# Stunted Kid Growth



## springkids (Sep 12, 2013)

Hello everyone! I am new to the site as a user but I read your forums sometimes when I have questions. And I have a question. We have raised goats on our farm for 6 years. We have mostly mixes of Boer and Nubian. 

This year was an extremely wet year for us and on top of that we noticed out wormers not helping. Turns out our worms had become resistant. So after checking in with the vet and starting a vigorous worming schedule with all new meds everyone looks and feels great. The problem is by the time we realized we had a problem with our wormer. We had a BIG problem and our kid goats were stunted. So we have accepted the fact that they will not meet their potential this fall. 

My question is we had 4 painted doelings we were hoping to keep for our farm. Right now they weigh only 40-45 lbs roughly and they are roughly 6 months old. I am just curious with the right diet if they would "catch up" so to speak and be a good breeding size for next fall?? Or should I cut my losses and sell them with the rest of kids?? 

Thanks in advance for any input and God Bless!!


----------



## happybleats (Sep 12, 2010)

welcome to the forum  
Some goats will catch up nicely in time, usually by the time they are 2. A good feeding program could help...However if there is intestinal damage from the worms they coud be unthrifty. When you look at the does..are they just small compared to their peers or look "unkept" depsite your good care? ..thinner than peers, more bones showing, coarser coat? prone to illness? basically unthrifty? I ask this because of an experiance we had and learned from..

we got a doe, a nubian, who we were told had battled worms when young...she was so thin at almost 2 years old..I was not impressed with her care and thought I could bring her to health and she was basically a freebe with her sister..however, we never were able to put and extra ounce on her bones...The worms caused so much intestinal damage that made it hard to absorb nutrients...she was always going to be chronically thin..and was unthrifty..(got ill easy)

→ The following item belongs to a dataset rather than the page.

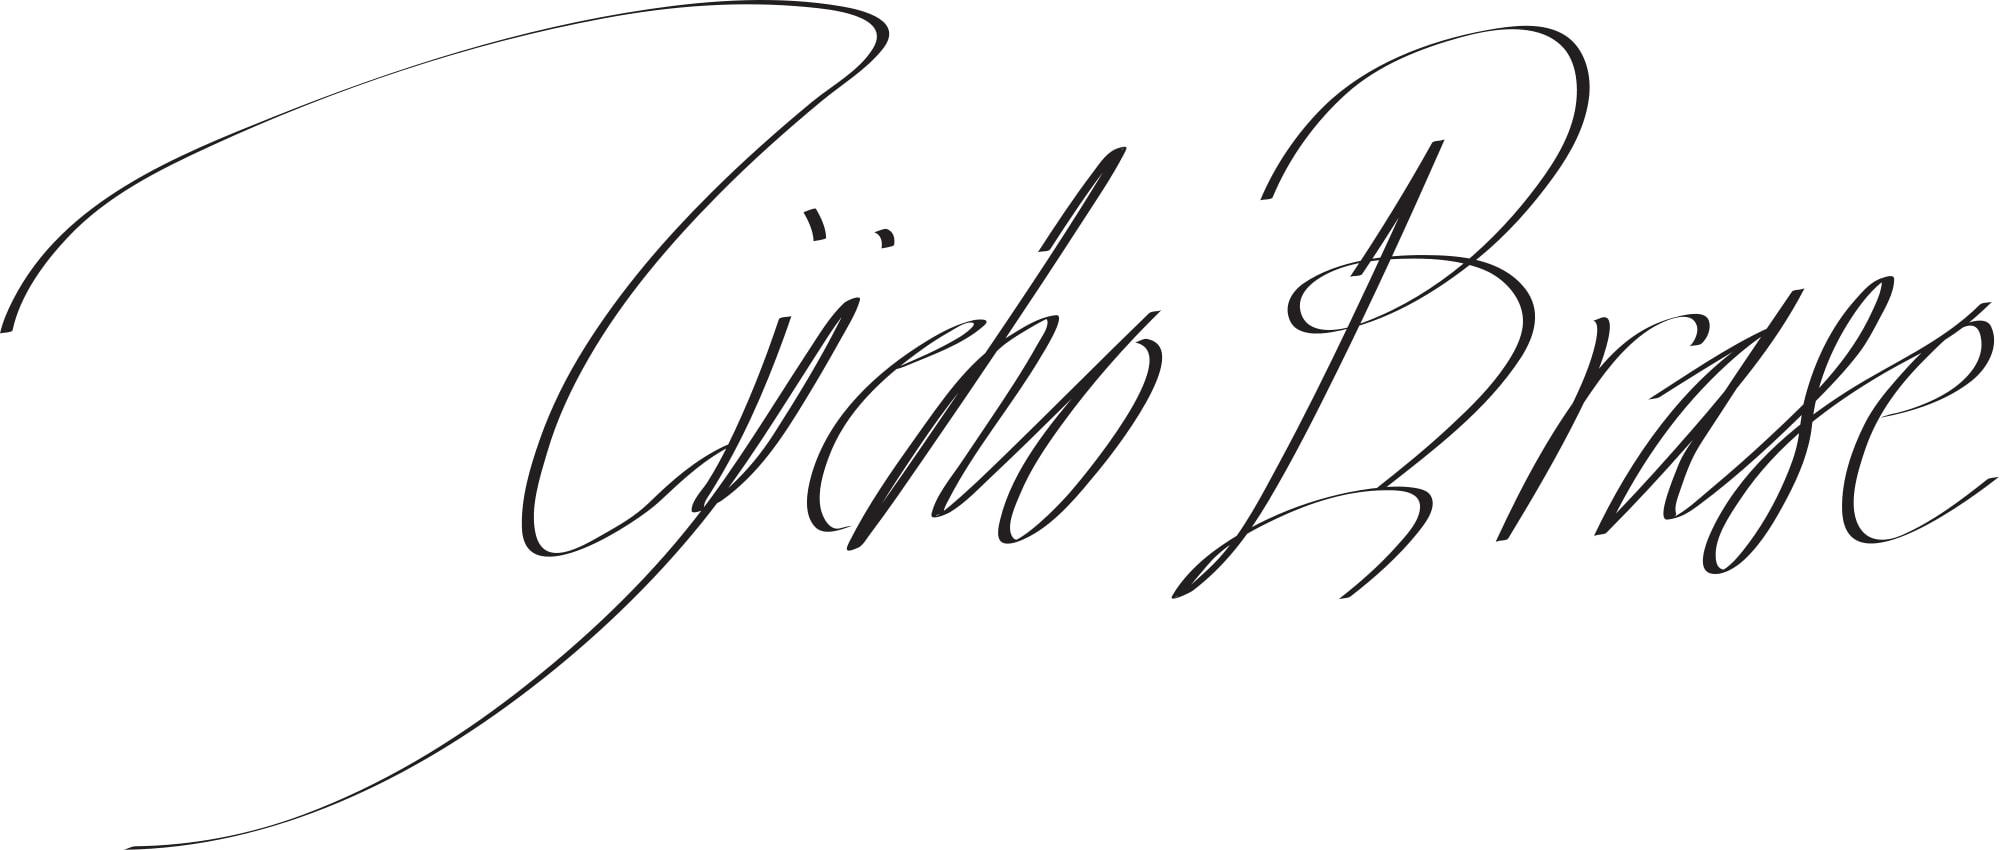 tycho_signature

this was my expreiance and it doesnt mean your does will be unthrifty..only its something to look into inmaking your decision in retaining them
each doe will need to be assest on her own merrit..one could fair better than the other..You might choose to hold on to them and allow them to prove themselves 
I wish you all the best!!


----------



## springkids (Sep 12, 2013)

Thanks for the reply and the welcome.

Everybody looks great. Since we started our new worming routine everyone started growing again. It just seems to be very slowly. Nothing is thinly and everyone has a nice slick coat. The worm infestation stunted ALL my kid goats. So all the babies are about the same size. We have never had a problem like this before. They having been eating grain for awhile. (We always feed our goats grain everyday). The best way to describe it is they look like beautiful, healthy 3 month old kids instead of 6 month old kids.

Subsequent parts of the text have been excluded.